As AI Governance Grows, Here’s What You Need to Know About Your Privacy
For the past few years, most discussion of AI regulation has focused on technical risks—bias in algorithms, safety testing, and transparency for developers. But a quieter shift has been underway: AI governance is increasingly landing in the laps of privacy professionals. This isn’t just a bureaucratic reshuffling; it has direct consequences for how your personal data is collected, used, and protected.
What Happened
Governments and major companies are moving to formalize how AI systems are governed. The European Union’s AI Act, for example, includes provisions that tie directly to privacy rights, such as requirements for human oversight of automated decisions and transparency about data used to train models. In the United States, Colorado passed an AI law that explicitly grants consumers the right to opt out of “profiling” in AI-driven decisions. Meanwhile, privacy professionals—once focused mainly on data breaches and consent forms—are being asked to lead AI governance teams.
As reported by the IAPP, this convergence means the privacy infrastructure you’re already familiar with (cookie consent, data access requests, privacy policies) is being extended to cover AI-specific risks. Companies are updating their privacy policies to disclose how they use AI to process personal data, and regulators are starting to enforce these requirements.
Why It Matters for Your Personal Data
The link between AI and privacy is often invisible. When you use a website that personalizes ads based on your browsing history, or when a bank automatically denies a loan application, odds are an AI model is involved. Those models can reuse your data in ways you didn’t anticipate—training new systems, sharing it with third parties, or making predictions that affect you without your knowledge.

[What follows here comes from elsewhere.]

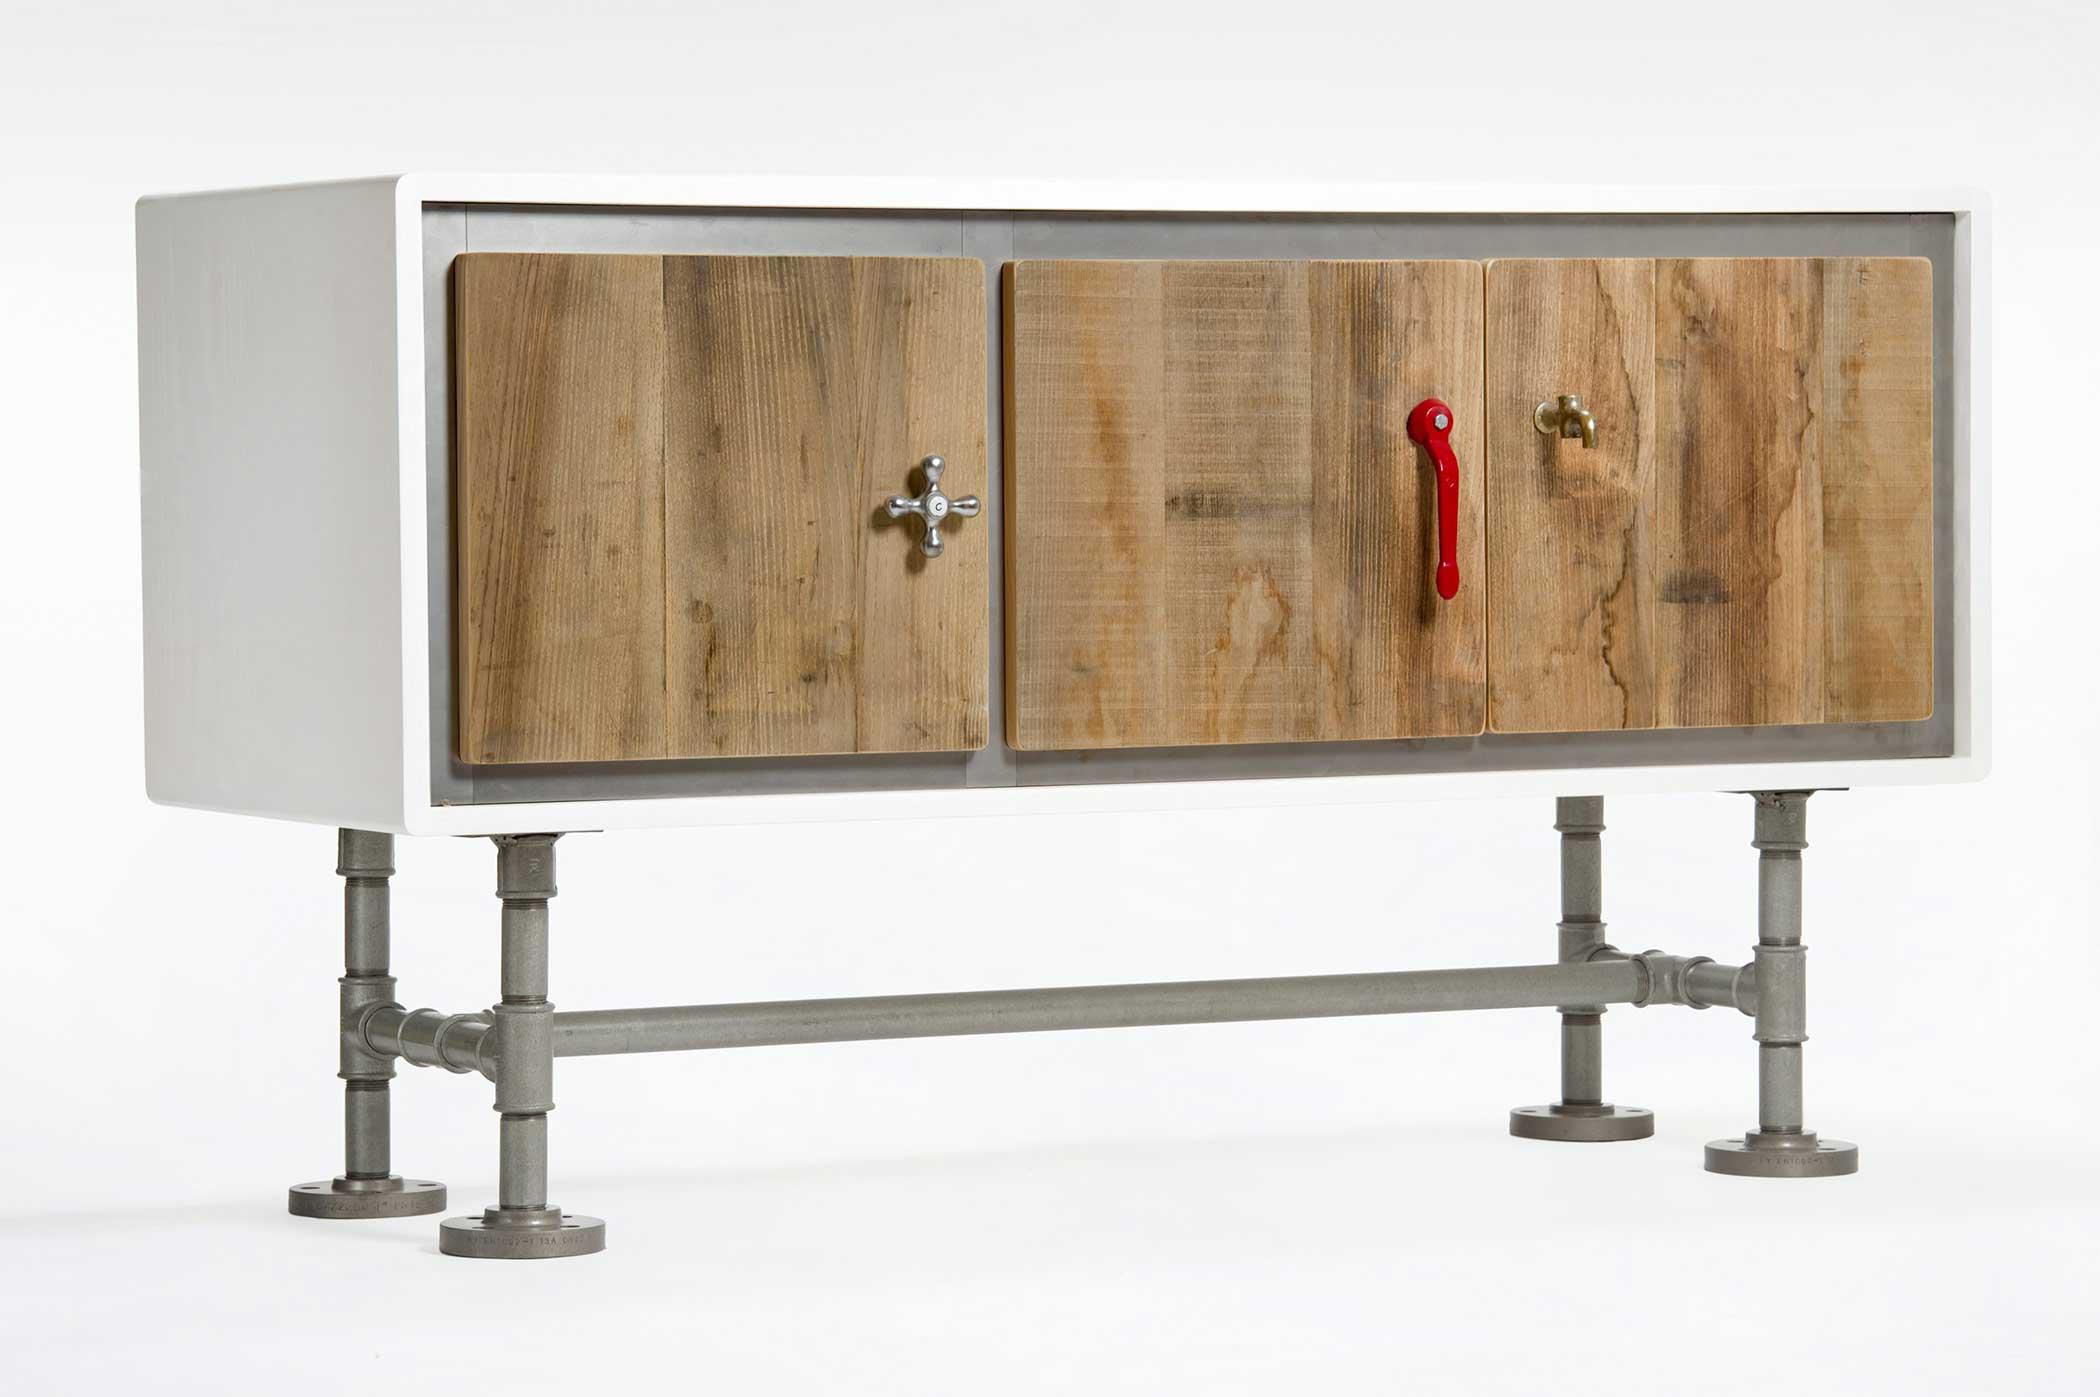 Credenza in stile industriale, struttura laccata bianca, sportelli in legno da costruzione, gambe costruite con tubi idraulici. Maniglie oggetti idraulici.

New governance rules aim to close those gaps. Under the EU AI Act, for instance, “high-risk” AI systems must provide explanations for their decisions and allow people to contest them. Colorado’s law requires companies to let you opt out of AI-driven profiling, similar to the “Do Not Sell My Personal Information” rights under the California Consumer Privacy Act (CCPA). These are real protections, but they only work if you know they exist and how to use them.
What You Can Do to Protect Your Privacy
Whether or not you live in a jurisdiction with specific AI regulations, you can take practical steps to limit how your data is used in AI systems:
- Review your privacy settings. Many platforms now include a toggle for “AI training” or “personalization.” Turn off any option that allows your data to be used to improve AI models. This is common in social media, cloud storage, and even email services.
- Limit data sharing with apps. When you sign up for a new service, check what data it collects and whether it shares that data with AI partners. Deny permissions that aren’t strictly necessary.
- Use opt-out rights. If you’re in the US, look for “Your Privacy Choices” links on websites. Under laws like the CCPA and Colorado’s AI law, you can often opt out of data being used for profiling or training AI models.
- Check privacy policies for AI clauses. Companies are now required (or at least encouraged) to disclose when AI is used to process your data. Look for terms like “automated decision-making,” “machine learning,” or “AI-generated content.” If you don’t like what you see, consider using an alternative service.
What to Watch For
The landscape is still evolving. Enforcement of the EU AI Act has started gradually, and many US state laws are being challenged in court. It’s uncertain whether consumer protections will keep pace with the speed of AI development. However, one trend is clear: companies are hiring privacy experts to handle AI governance, which suggests that privacy-focused compliance will become a standard part of product design.
Keep an eye on transparency requirements. Over the next year or two, you should expect to see more prominent disclosures about AI use, clearer opt-out mechanisms, and possibly new tools to request explanations for automated decisions. If you encounter a company that seems to be ignoring these obligations, you can file a complaint with your local data protection authority (in the EU) or state attorney general (in the US).
Sources
- IAPP, “When AI governance lands on privacy’s desk” (June 2026)
- European Commission, EU AI Act (2024)
- Colorado Revised Statutes, SB 24-205 (AI profiling provisions)
- California Consumer Privacy Act (CCPA) / CPRA
This article is for general informational purposes and does not constitute legal advice. Laws and enforcement actions vary by jurisdiction.